Exercise instructions:
Without including any pictures, reproduce the full listing exactly.

Data block:
· · · · ·

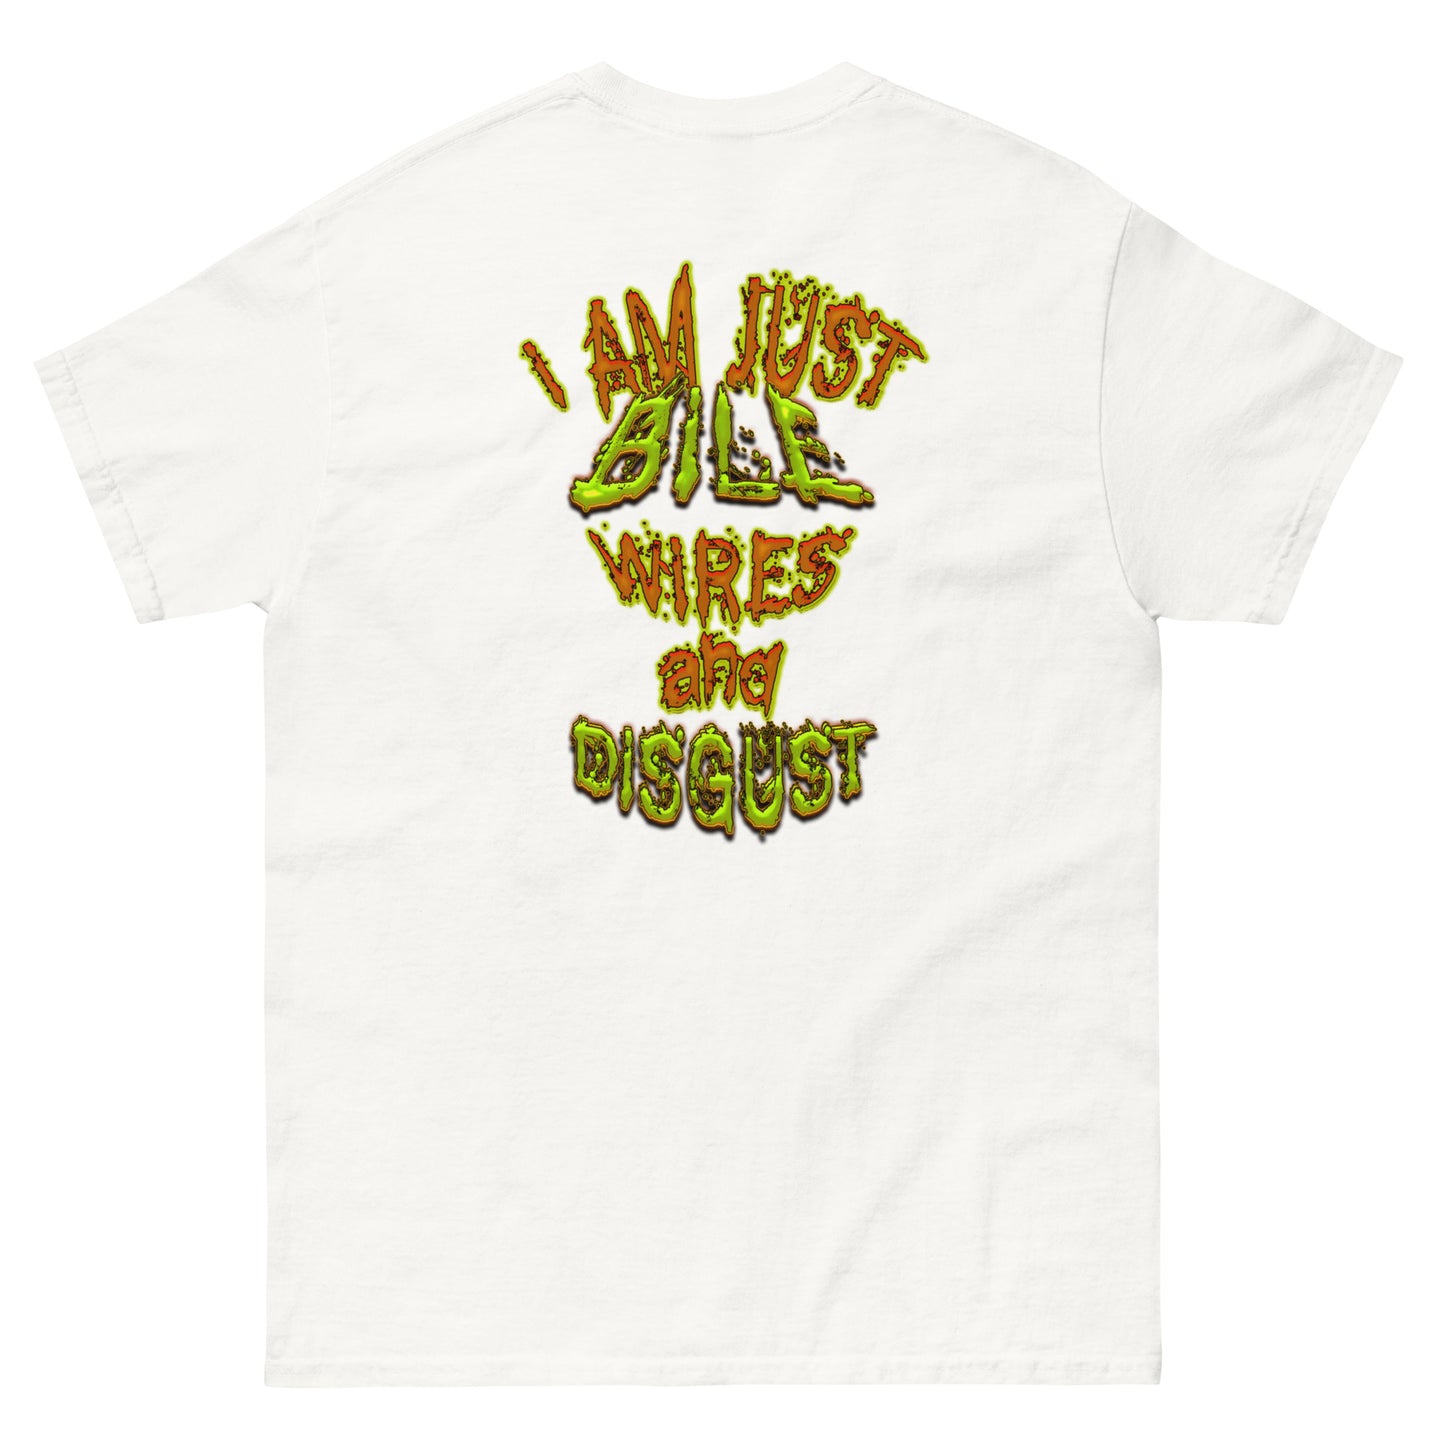 Rikets - Bile Wires & Disgust 2 sided T-Shirt
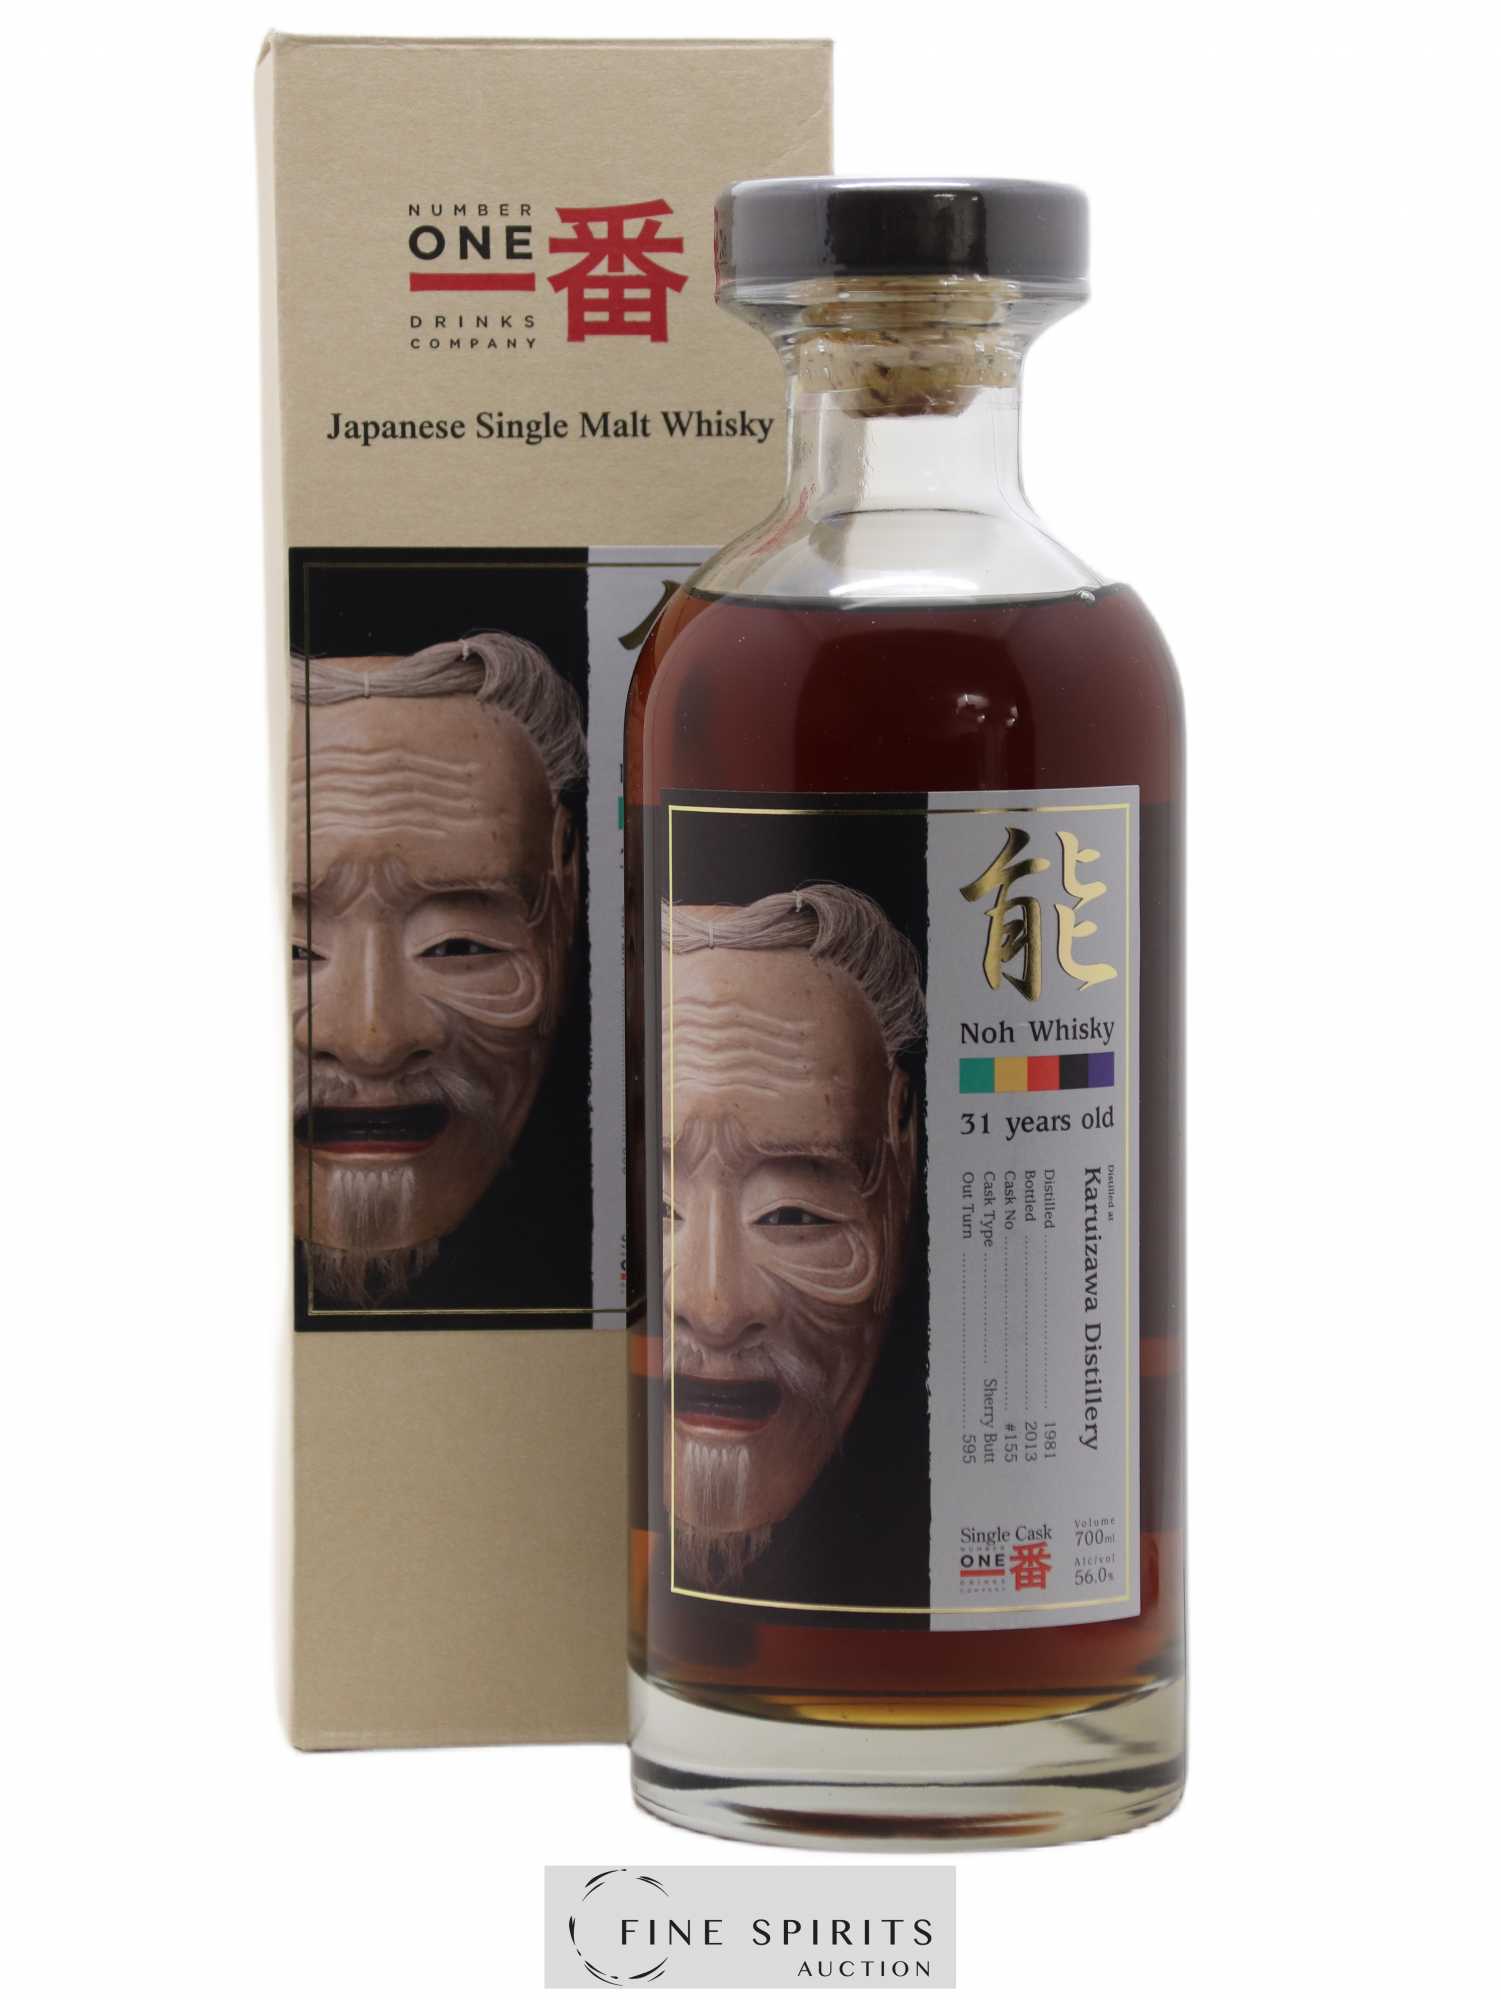 Karuizawa 31 years 1981 Number One Drinks Sherry Butt n°155 - One of 595 - bottled 2013 Noh Label 
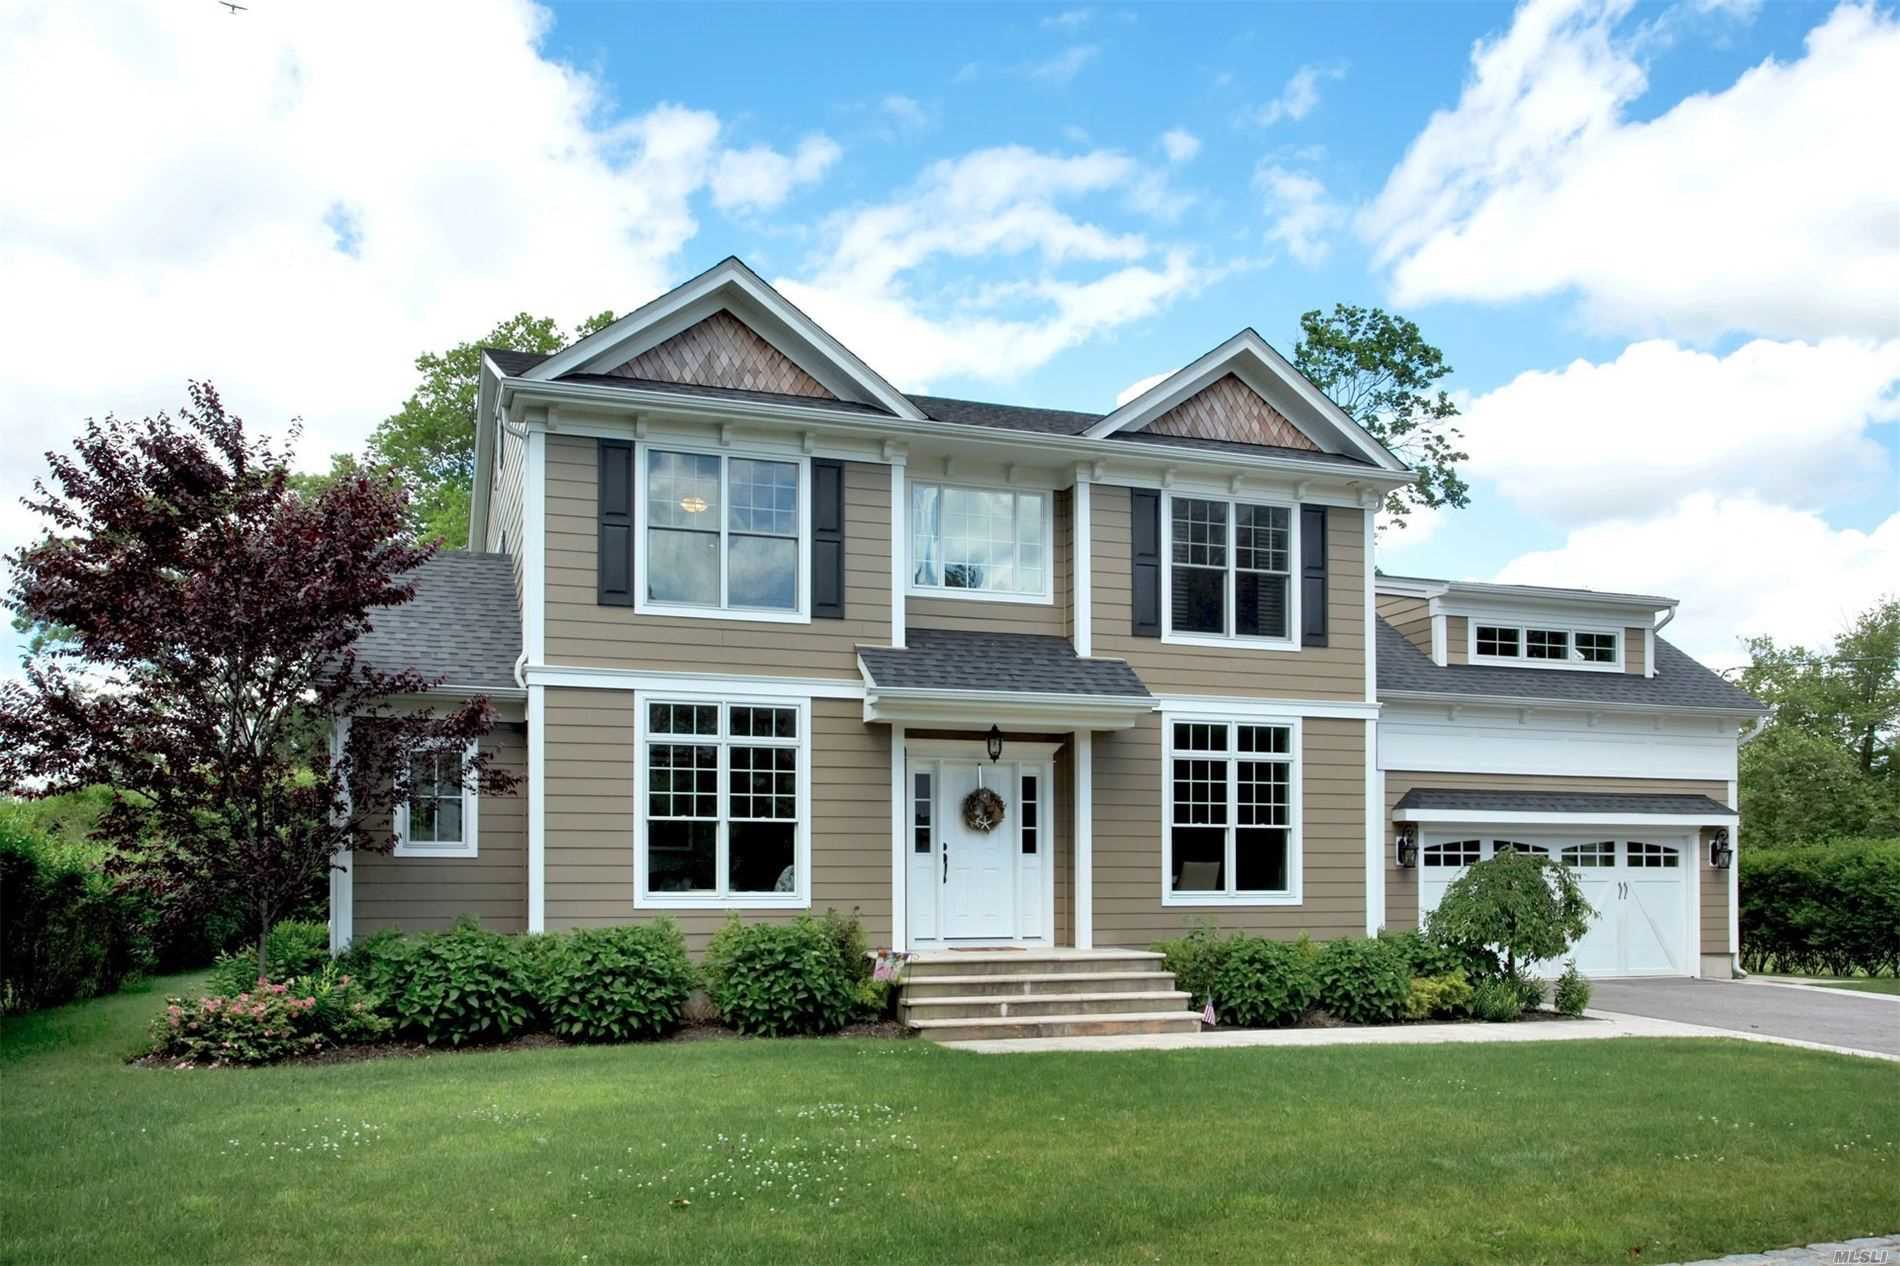 Stunning 3, 300 Sqft Colonial in the Argyle Section of Babylon Circa 2014... Entry Hall, Living Room, Den w/Gas Fireplace, Eat In Kitchen, Formal Dining, Master Bedroom w/Radiant Heat Full Bath, Walk-In Closet & Sitting Room, 3 Additional Bedrooms & Full Bath... All Oakwood Floors, Beautiful Trim & Moldings, Central Air, Full Basement with 9&rsquo; Ceilings, Limestone Patios & 2 Car Attached Garage... You Won&rsquo;t Want to Miss This One!
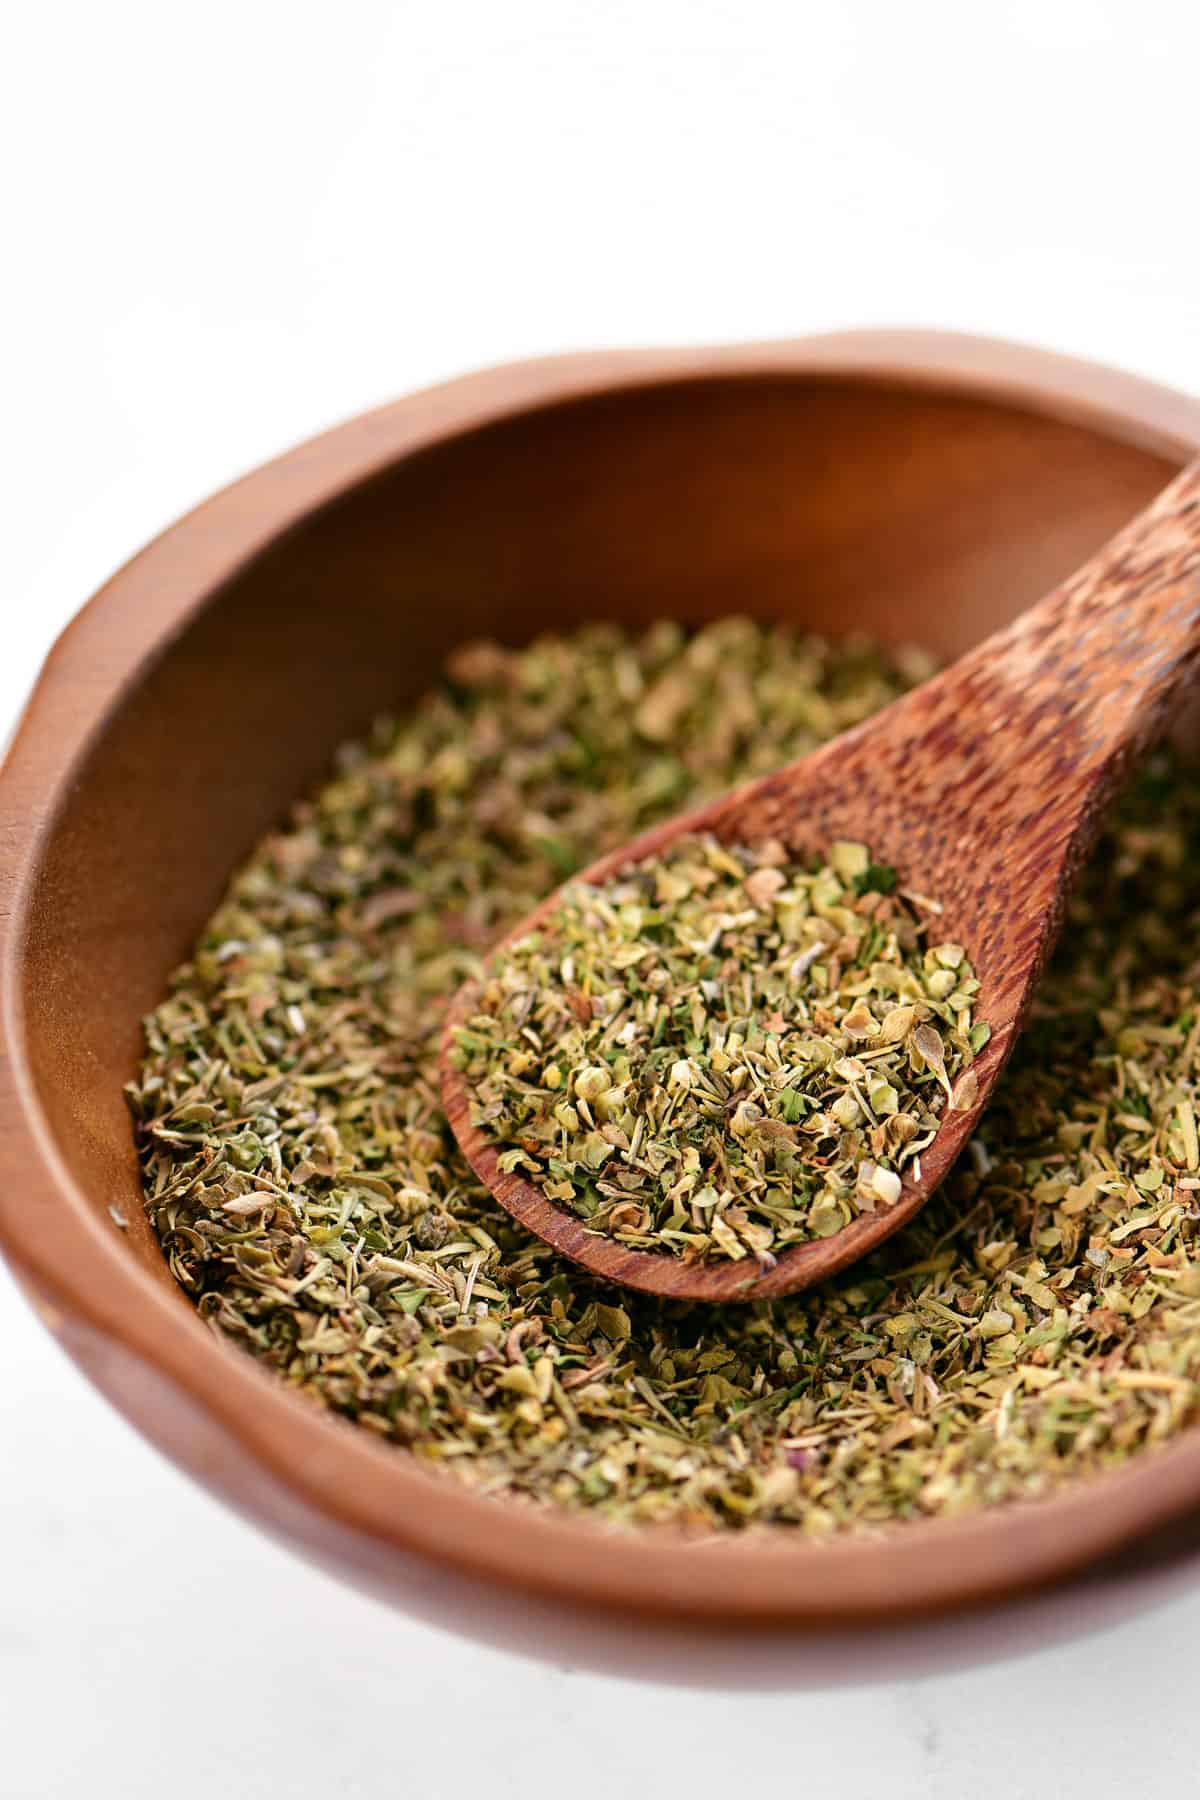 An Italian seasoning substitute mix on a wooden spoon in a bowl filled with seasonings.

· · · · ·

Output below:
 Rikets - Bile Wires & Disgust 2 sided T-Shirt
 Karuizawa 31 years 1981 Number One Drinks Sherry Butt n°155 - One of 595 - bottled 2013 Noh Label 
 Stunning 3, 300 Sqft Colonial in the Argyle Section of Babylon Circa 2014... Entry Hall, Living Room, Den w/Gas Fireplace, Eat In Kitchen, Formal Dining, Master Bedroom w/Radiant Heat Full Bath, Walk-In Closet & Sitting Room, 3 Additional Bedrooms & Full Bath... All Oakwood Floors, Beautiful Trim & Moldings, Central Air, Full Basement with 9&rsquo; Ceilings, Limestone Patios & 2 Car Attached Garage... You Won&rsquo;t Want to Miss This One!
 An Italian seasoning substitute mix on a wooden spoon in a bowl filled with seasonings.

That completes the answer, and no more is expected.